# using 24pin motherboard with 20 pin psu



## ste2425 (May 31, 2008)

hi i have as seen in my spec a Biostar gf7050v-m7 motherboard (wat was on the box) i have at the moment no actual graphics card just a cheap one built into the motherboard and was wondering is there a way to fit my 20 pin psu socket on the motherboard just so it can be used? there'l be no hard core gaming or out untill i get a new psu i just want to be able to use the computer I have a intel dual core proccessor so i dnt wanna be frying it reali.
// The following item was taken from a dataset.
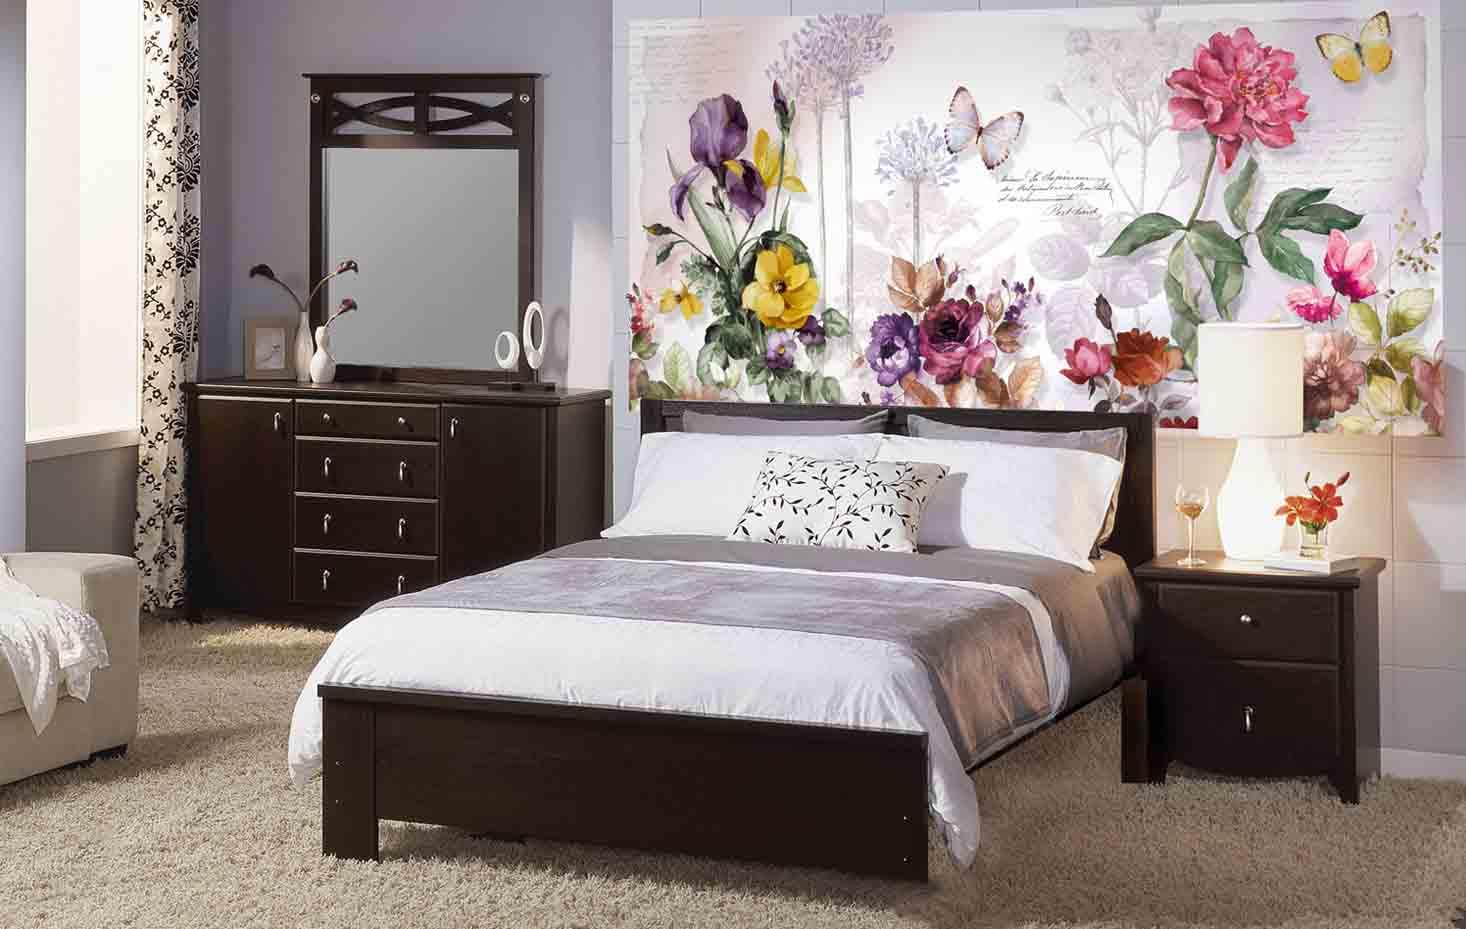 фотообои над кроватью цветы был

But as i said i just want to be able to run the machine, there will not be any demanding work untill i get a new psu and graphics card.
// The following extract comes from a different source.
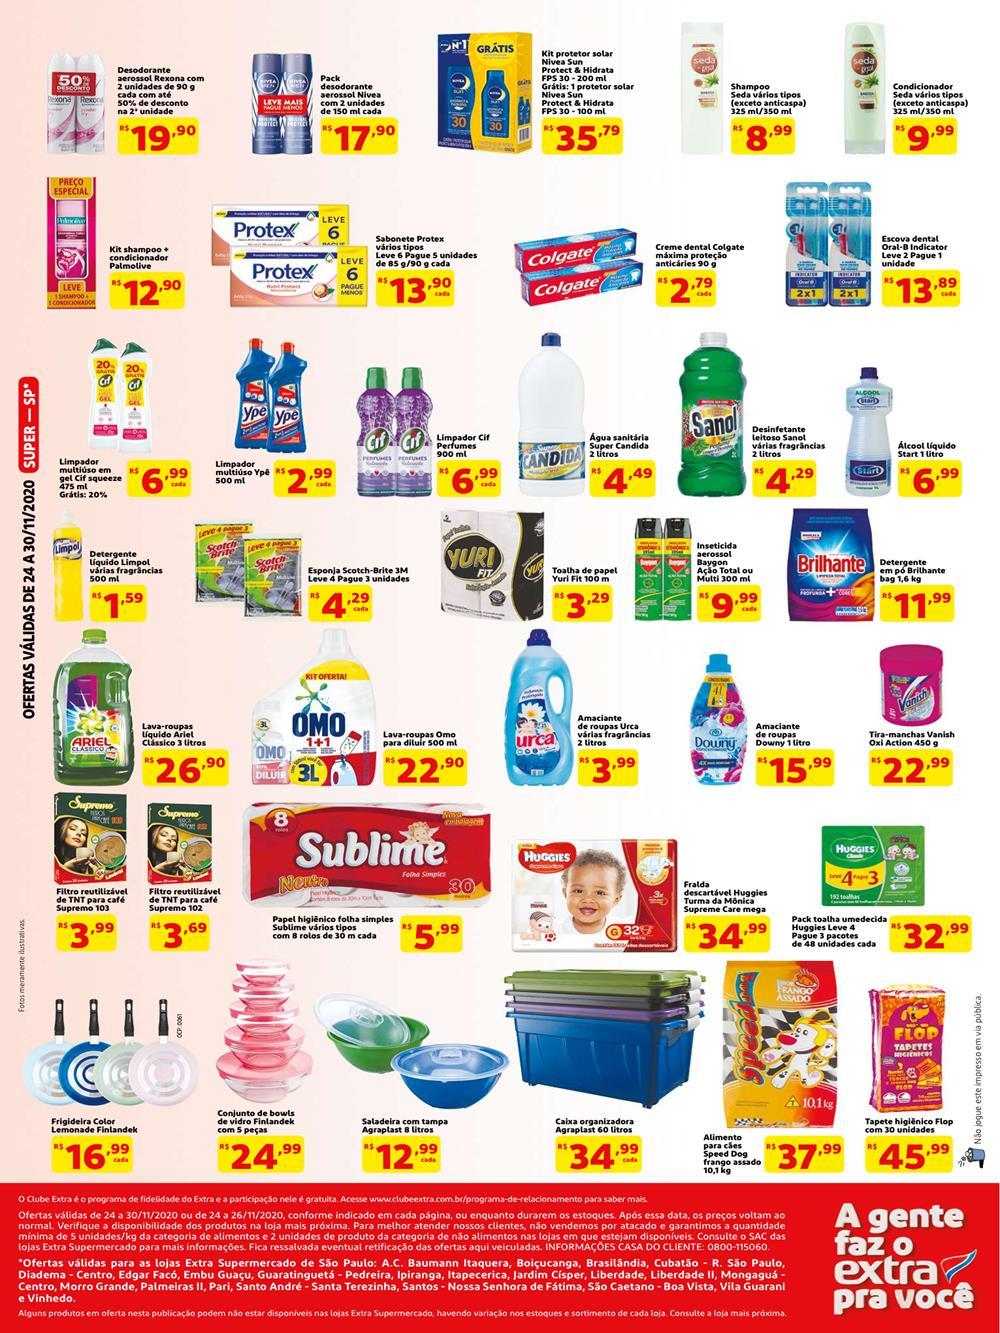 extra-ofertas-descontos-hoje13-9 Super Extra até 30/11

al help will be appriciated
ste


----------



## sneekypeet (May 31, 2008)

yes plugging it in will run the mobo...they do make 20pin to 24pin adapters if you are really worried about it.

I have bench tested mobo's with a 20pin PSU with no issues!


----------



## ste2425 (May 31, 2008)

hi what do you mean mobo? and which way coz it will have socket let spare on either side or a combination of the two side if you get what im trying to say.


----------



## sneekypeet (May 31, 2008)

ok mobo= motherboard.

if you look carefully the 20pin plug goes in tho the slots in the motherboard only one way....the pins are shaped...look closer!


----------



## ste2425 (May 31, 2008)

O right thanks, and what i mean is even the right way round there's 20 pins on the connector but 24 on the motherboard so there will be 4 on the motherboard that are not used. I just wondered where do i plug it in. With the spare sockets on the right of my psu connector or left


----------



## sneekypeet (May 31, 2008)

thats what I mean by look at it.....the plug ends are shaped...squares for some and squares with trimmed corners for the others...it should only go in one way!










see how both have shape to the pins in question...it should go only one way!


----------



## ste2425 (Jun 9, 2008)

sorryfor the late reply, and a right i get you now sorry bout the confusion and thanks for the help


----------